W czerwcu 1939 roku w obecności Heinricha Himmlera przygotowywano tu szczegóły operacji „Tannenberg”. W trakcie jednej z poufnych wizyt reichsführera SS, Forster otrzymał szpadę honorową z napisami: „Mój honor to wierność” oraz “Mojemu kochanemu Albertowi Forsterowi. H.Himmler wódz SS na Rzeszę”. Świadczyło to o wyjątkowej pozycji Forstera w strukturach SS i zaufaniu, jakim darzyli go najwyżsi dygnitarze III Rzeszy.
Forsterówka znajduje się w odległości ok. 800 m od Apartamentów Bajkowa Plaża, w pobliżu wieży widokowej, o której mowa w innym moim poście i mimo że zniszczona upływem czasu, warto ją odwiedzić w trakcie spacerów po okolicy.
Teren rezydencji gaulaitera był też od listopada 1944 do stycznia 1945 roku miejscem zwożenia zagrożonych nalotami dzieł sztuki i archiwów partyjnych NSDAP z terenu Gdańska. To najmniej poznana karta historii tego obiektu. Część archiwum zostało zdeponowane w jednym ze schronów przeciwlotniczych wybudowanych na tym terenie w 1941 roku. Do dnia dzisiejszego nie zlokalizowano schronu dla personelu i pacjentów przebywających w obiektach dawnego wojskowego ośrodka szkoleniowego NSDAP.
Ze wspomnień biorących udział w początkowym zagospodarowywaniu obiektu po wojnie jak i relacji odwiedzających niedawno ośrodek byłych żołnierzy niemieckich wynika iż, wybudowano tam w 1941 roku duży schron na ok. 150 osób. Znajdował się on w części wschodniej terenu ośrodka pod masywną zalesioną obecnie wydmą, o wysokości ponad 30 m npm o nazwie „Mewia Góra” (Möwe Berg). Schron został po wojnie prawdopodobnie wysadzony przez Rosjan i zasypany. Pełnił on także funkcje magazynu tranzytowego dla wywożonych w okresie początku marca 1945 roku z Gdańska cenniejszych dokumentów urzędów niemieckich i części depozytów muzealnych.

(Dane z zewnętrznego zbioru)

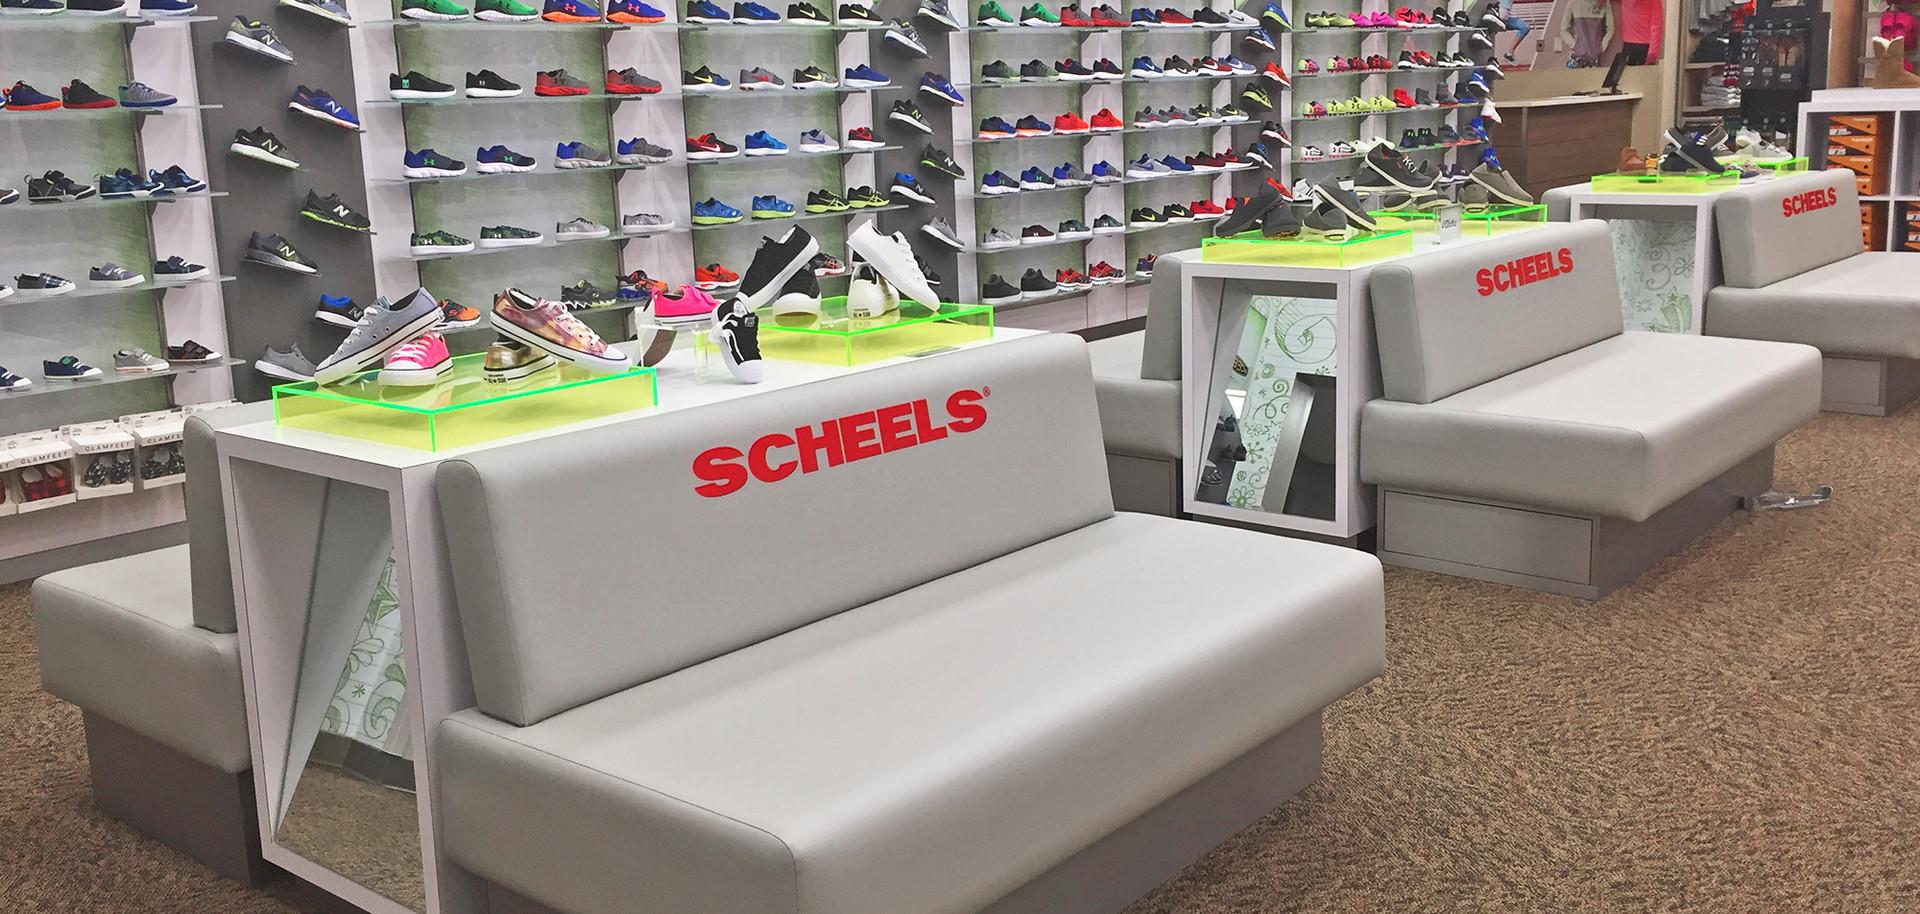 Scheels Youth Footwear

Swojego czasu krążyły plotki, jakoby bursztynowa komnata została “zdeponowana” wraz z innymi skarbami których nie zdążono przetransportować w kierunku Rzeszy z zajmowanych terenów Prus – na terenie Wyspy i być może komuś z Was uda się ją znaleźć?
W jednej z najnowszych książek przygodowych dla młodzieży z serii „Pana Samochodzika” w części 85 pt. „Pan Samochodzik i Wyspa Sobieszewska” przedstawiono inne niezwykłe atrakcje tego skrawka Mierzei Wiślanej…oraz zawiłą intrygę sięgającą czasów i tajemnic ostatniej wojny…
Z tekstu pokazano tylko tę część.